The first mounting holes 51c of the round shaft portion 51 and the mounting holes 52c of the second round shaft portion 52 having the fourth axis X4 are fitted into the mounting holes 51c, respectively. The round shaft portion 51 and the second round shaft portion 52 are supported in a two-sided state while having a displaced axis. In addition, 53c
Are positioning projections fitted to the rotary case 10;
Is a relief hole.

A pair of ridges 3 is provided on the side of the first intermediate gear 31.
9 and 39 are formed, and the crank pin 36 is press-fitted and integrated with the second intermediate gear 32. The crank pin 36 is
The projection 39 on the third axis X3 side pushes the crank pin 36 on the fourth axis X4 side so as to fit into the groove 38 formed between the pair of projections 39, 39. The interlocking mechanism D functions so that the first intermediate gear 31 rotates the second intermediate gear 32 unequally.

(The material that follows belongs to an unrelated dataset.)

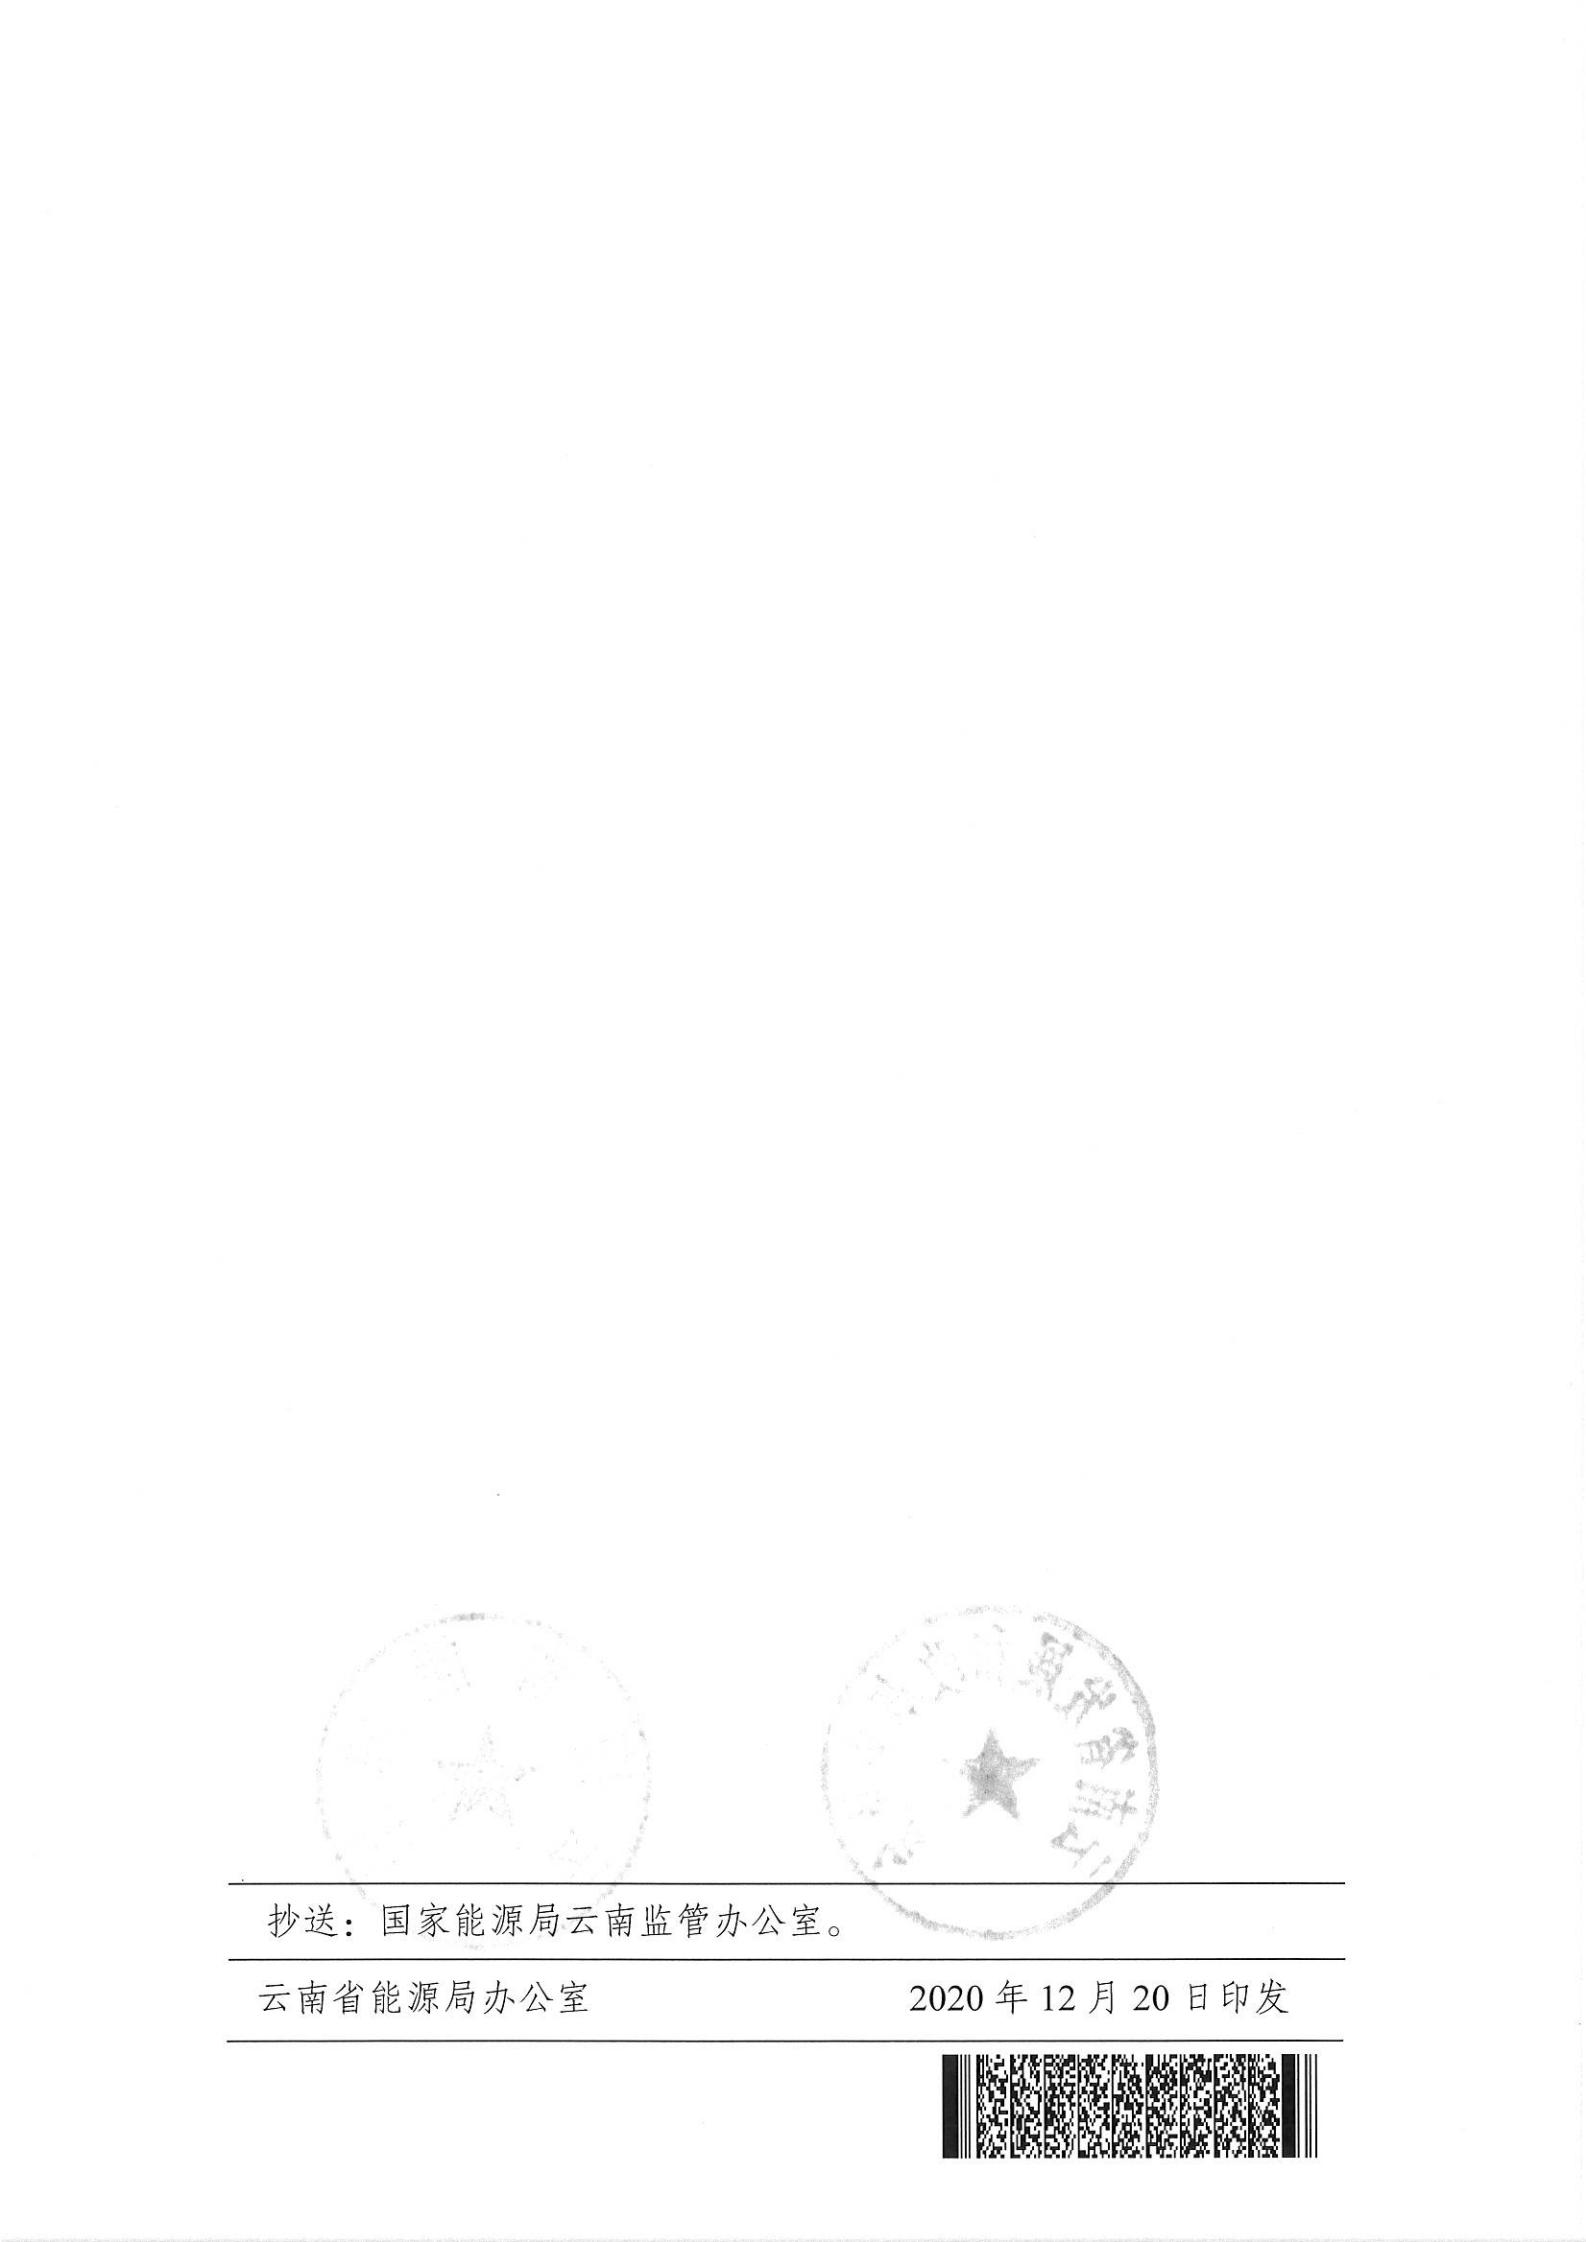 rBcCIV_ho0qAA5TXAASBhs3Agic777.png
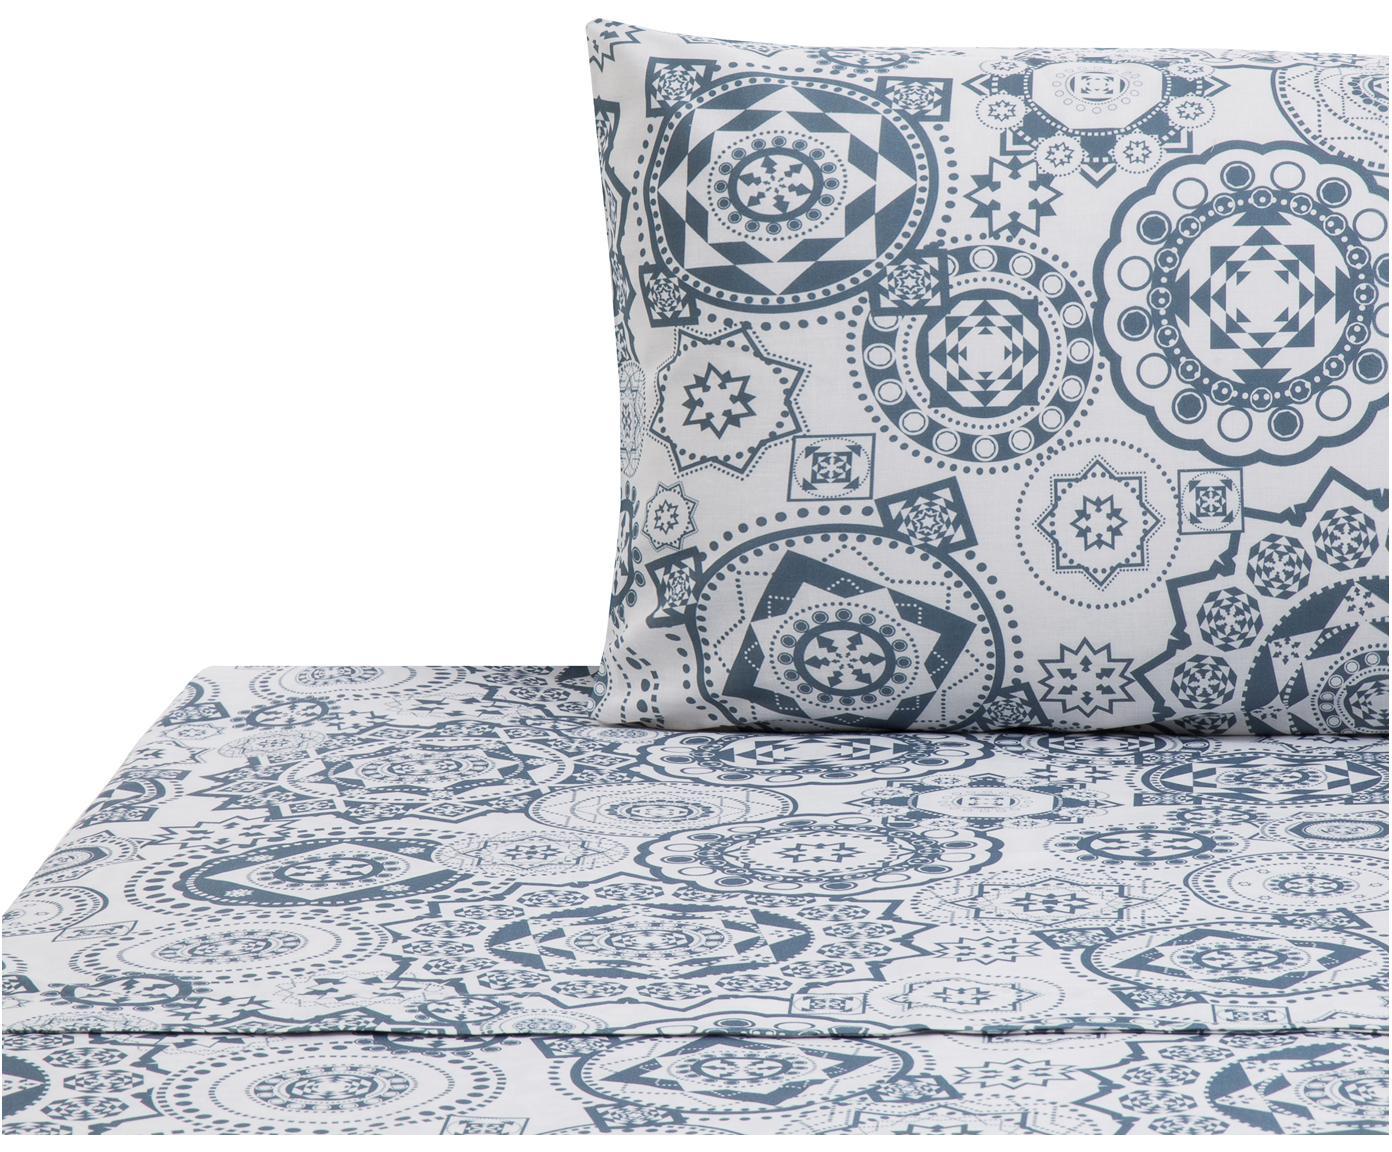 Set lenzuola in cotone Morris 2 pz, Cotone, Fronte: blu, bianco Retro: bianco, 160 x 270 cm

That is, when the rotary case 10 is driven to rotate and the sun gear 23 is fixed, the first intermediate gear 31 rotates around the third axis X 3 and its rotational force is transmitted by the crank pin 36. Then, the second intermediate gear 32 rotates around the fourth axis X4. The eccentricity between the third axis X3 and the fourth axis X4 causes the crank pin 36 to reciprocally slide in the radial direction of the first intermediate gear 31 in the groove 38 formed by the pair of ridges 39, 39 while rotating. To communicate. Therefore, even if the first intermediate gear 31 rotates at a constant speed, the interlocking mechanism D rotates the second intermediate gear 32 at an unequal speed.
The first and second intermediate gears 32 function so as to rotate in conjunction with each other in a phase relationship M1 shown in FIG.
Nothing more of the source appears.